Compte tenu de sa situation excentrée et de sa faible densité de population, Presinge ne croule pas sous les demandes de réclame. Mais, selon Patrice Mugny, il s’agit avant tout d’un acte symbolique. «Nous voulons défendre un mode de vie plus modeste, moins axé sur la consommation, et développer une commune villageoise qui s’interroge sur la pollution en général, qu’elle soit lumineuse, visuelle, sonore, dans l’air ou dans la terre», explique l’écologiste.

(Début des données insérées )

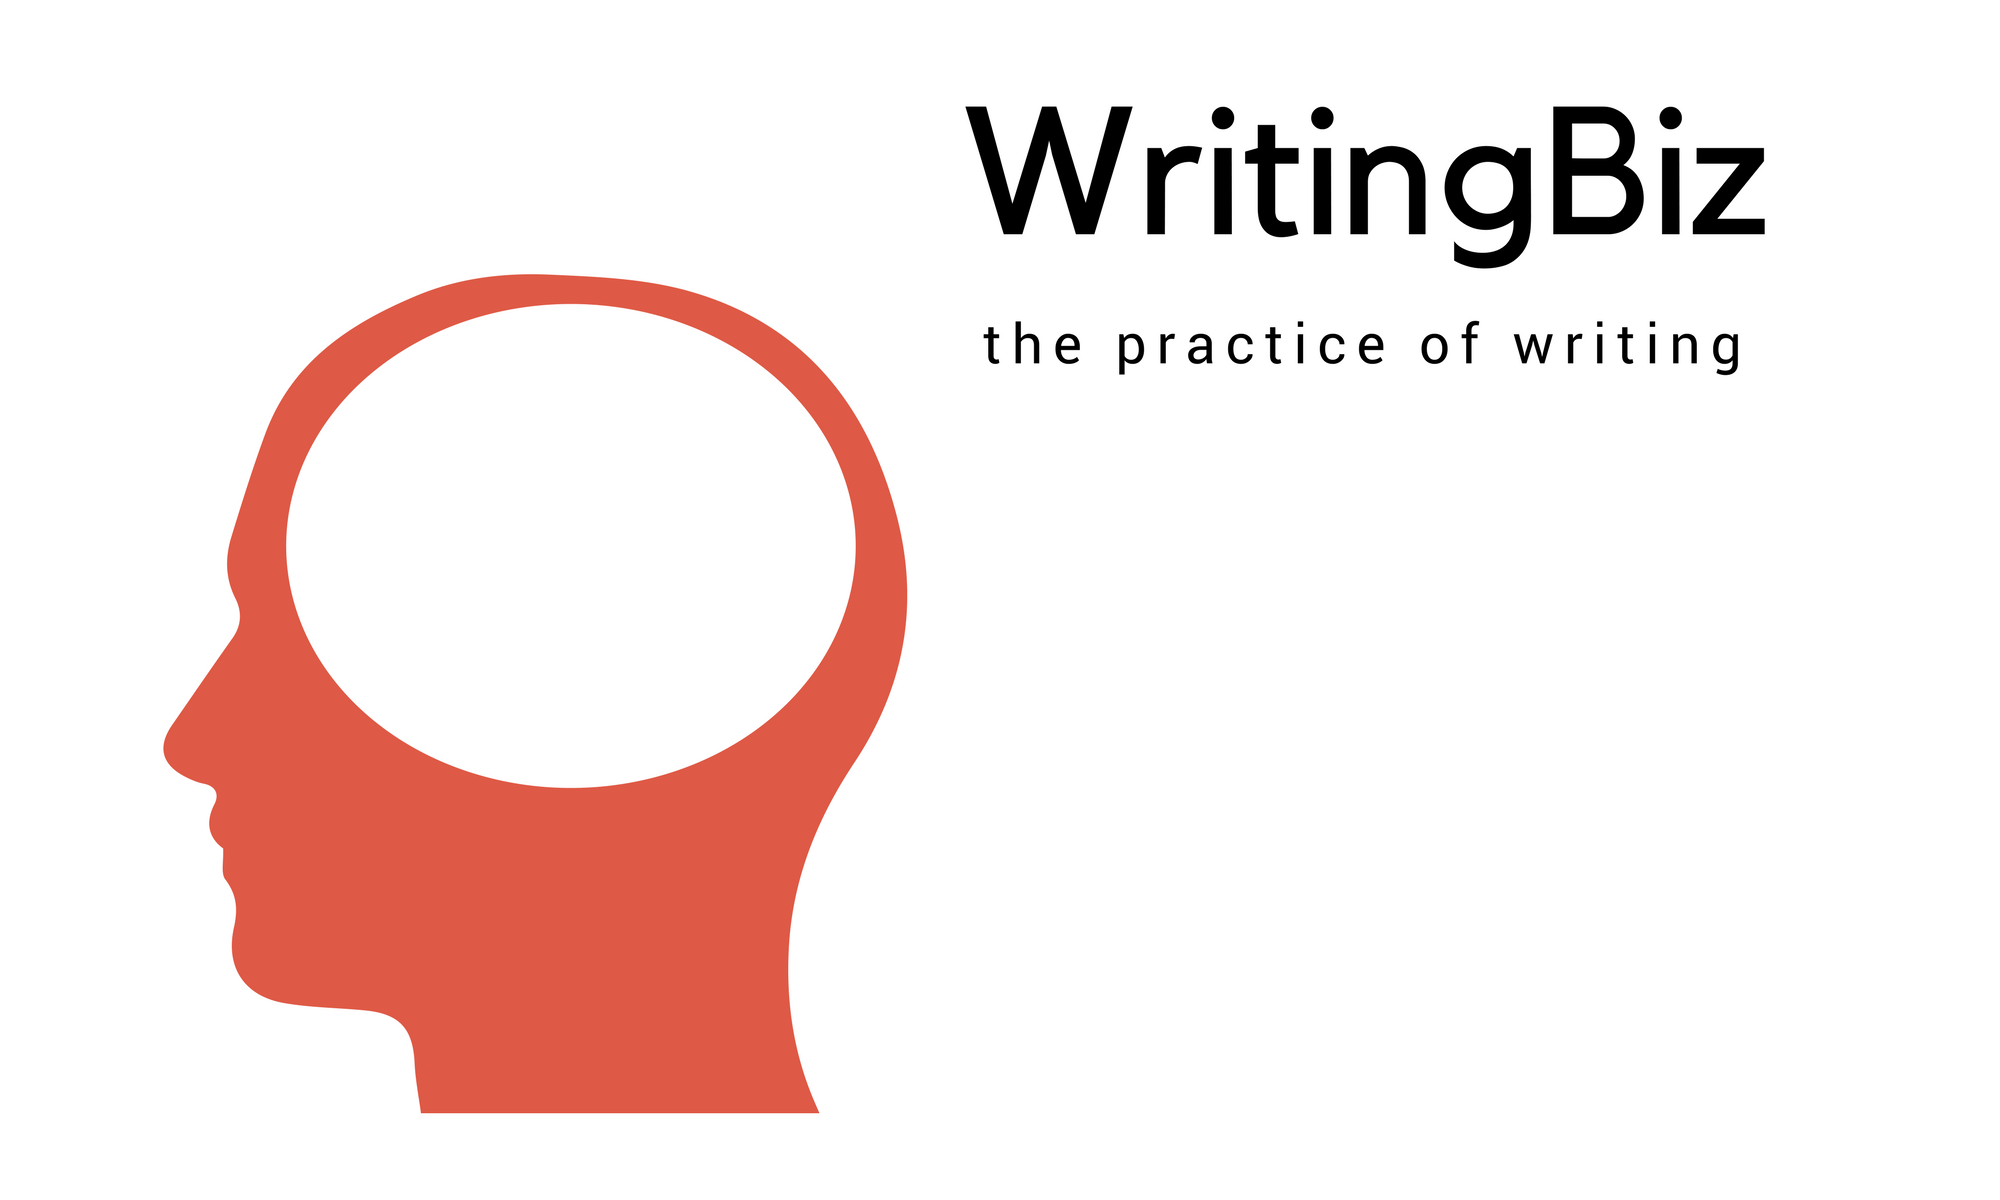 WritingBiz - Make money writing - the craft of writing
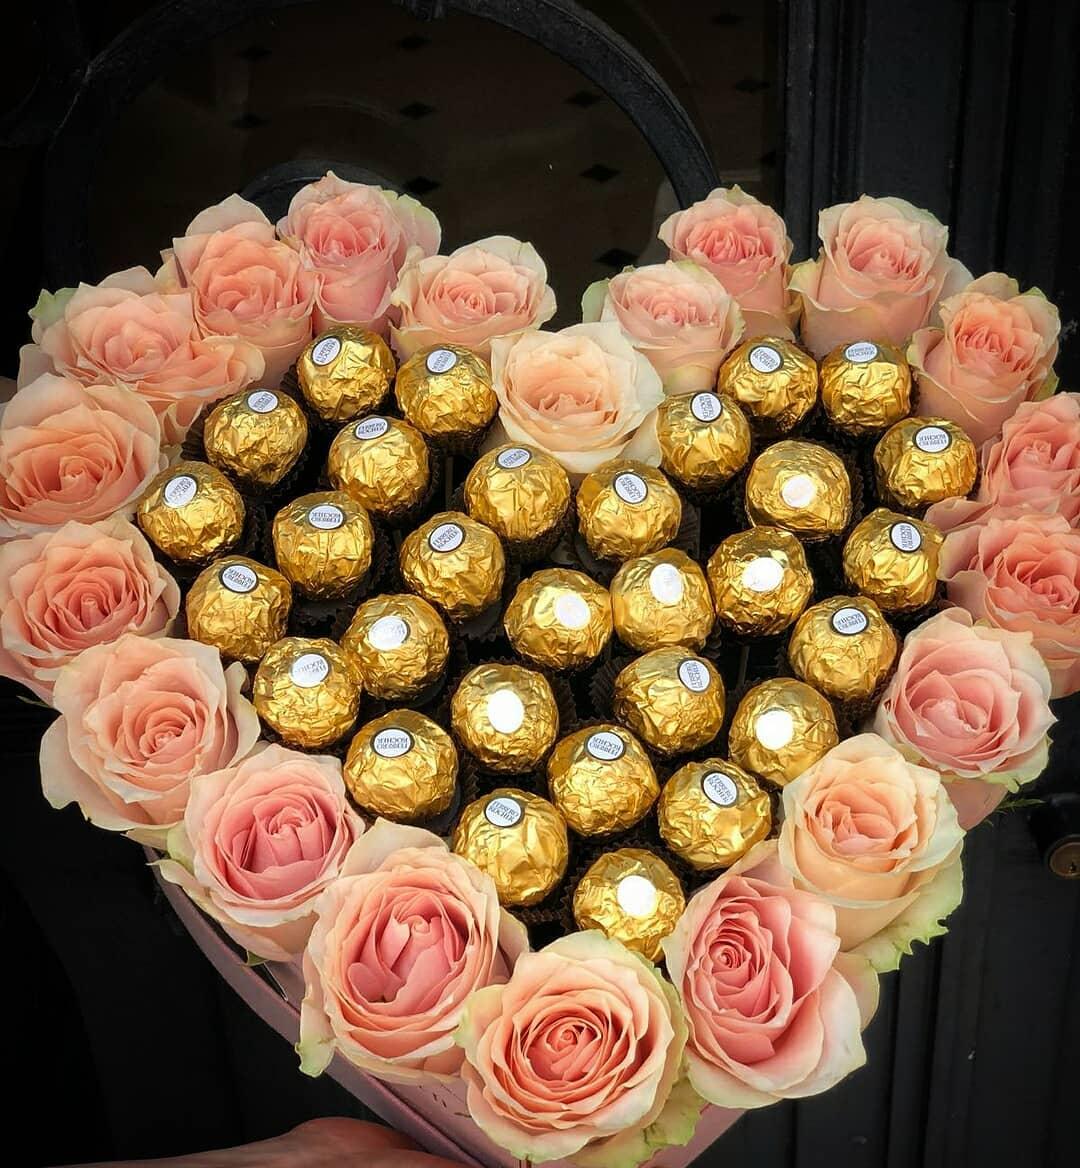 باکس گل و شکلات

Dans cette même perspective, l’Exécutif a également cherché à faire interdire le survol de son territoire par des drones. Mais cette disposition relevant du Canton, la Municipalité a dû y renoncer.

Parmi les communes récemment approchées par Patrice Mugny, Choulex et Gy se sont dites d’accord sur le principe de refuser toute proposition de publicité. La décision était relativement facile à prendre pour ces communes qui n’abritent à ce jour aucun panneau commercial.

Puplinge et Meinier, également contactées par le magistrat, ont pour leur part décidé de discuter avec les membres de leur Conseil municipal respectif. Entre une et trois enseignes sont en jeu dans chacune de ces communes. «Cela ne nous rapporte pas grand-chose financièrement, mais ces emplacements publicitaires ne nous dérangent pas non plus, nous sommes encore loin de la situation en France voisine où il y a des panneaux partout», confie le maire de Puplinge, Gilles Marti.

Absence de demande

Si Presinge est sans doute la première municipalité genevoise à se revendiquer haut et fort «libre de pub», d’autres communes ailleurs dans le canton ont également fait ce choix-là, sans pour autant l’officialiser. C’est notamment le cas de Bernex, Cartigny, Troinex, Perly-Certoux ou encore Satigny, des communes peu peuplées.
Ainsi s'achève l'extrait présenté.